Обсудив масонские тайны, мужчины принялись говорить о том, что нужно взять с собой на «Артемиду» из провизии, и я могла бы присоединиться к их разговору, но предпочла слушать. То, что Джейми является членом масонской ложи, таинственного ордена, о котором до сих пор ходят разнообразные слухи, заставило меня задуматься о том, что я почти не знаю своего мужа. Раньше я знала о нем все, но не теперь.
Сейчас мы, конечно, говорили откровенно, хотя во время разговора о Брианне мне пришлось нелегко. После ночи любви я засыпала на его плече, зная, что мысли моего мужа понятны для меня.

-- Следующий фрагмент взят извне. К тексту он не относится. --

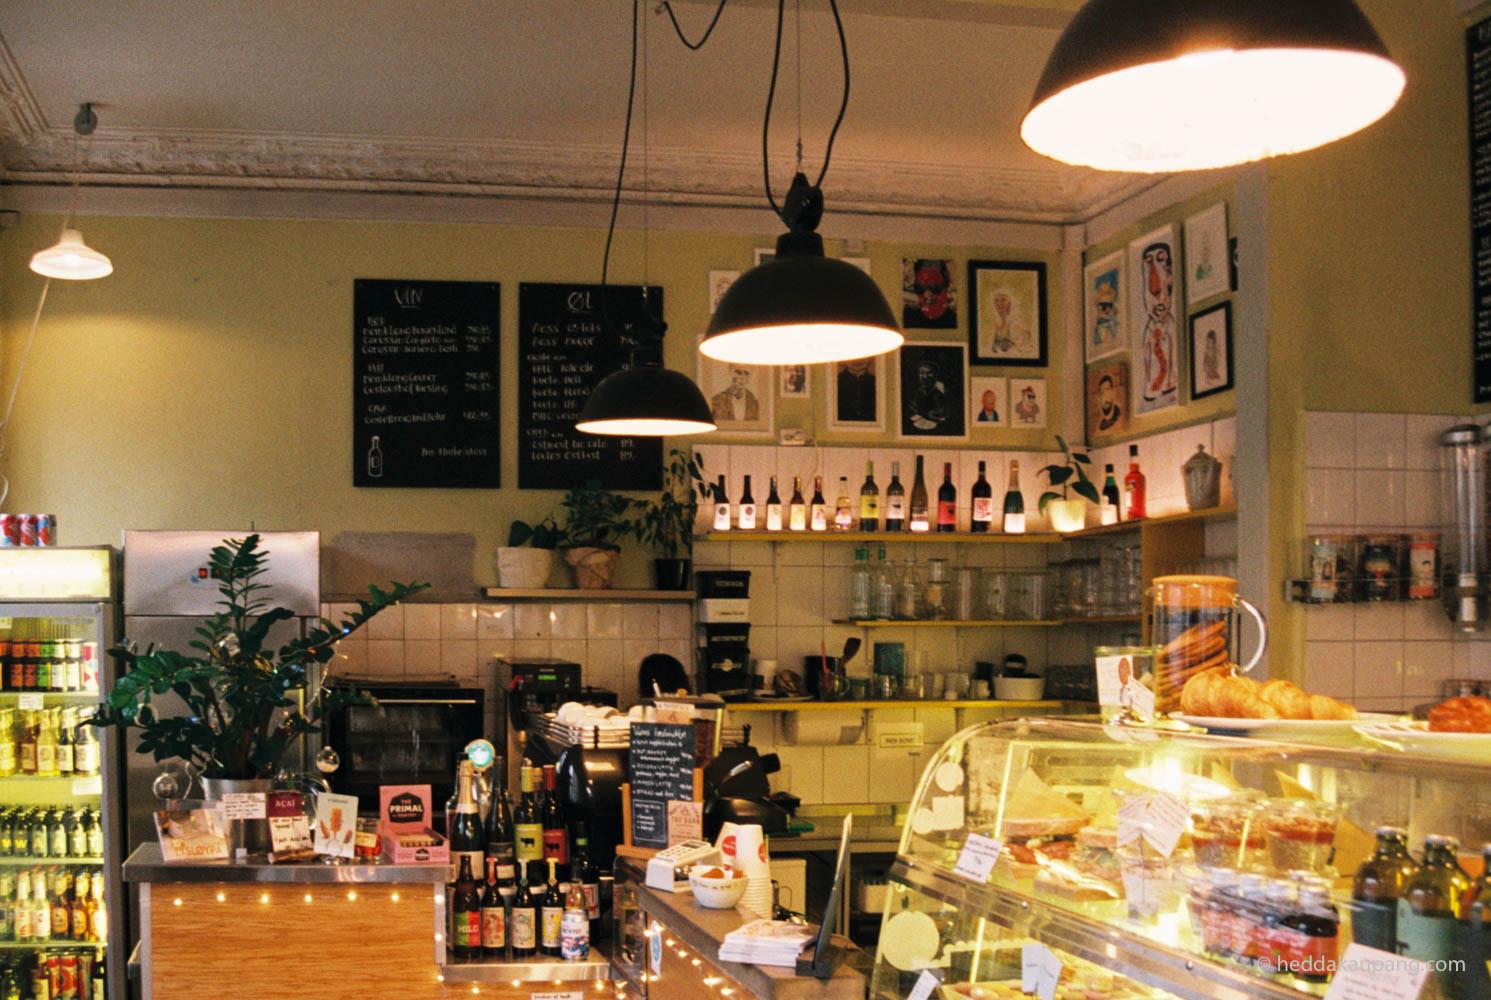 Liebling kafe i Oslo

Однако же очень часто взгляд Джейми был направлен туда, в прошлое, и я чувствовала себя лишней, ничего не знающей об этом рослом рыжем человеке. Слишком много времени прошло со времени нашего расставания, и слишком много событий имели место, чтобы нам было легко и просто вместе. Мы оба понимали это, но в такие моменты мне казалось, что почва уходит у меня из-под ног.
В ответ на мои тяжелые мысли Джейми прижал мою ногу под столом и слегка улыбнулся мне, поднимая бокал, напоминая мне тем самым о брачной ночи. Тогда мы были совсем чужими и отчаянно боялись друг друга, спасаясь от самих себя вином. Тогда между нами не было ничего, кроме брачного контракта. Мы обещали быть честными друг с другом и сдержали свое обещание.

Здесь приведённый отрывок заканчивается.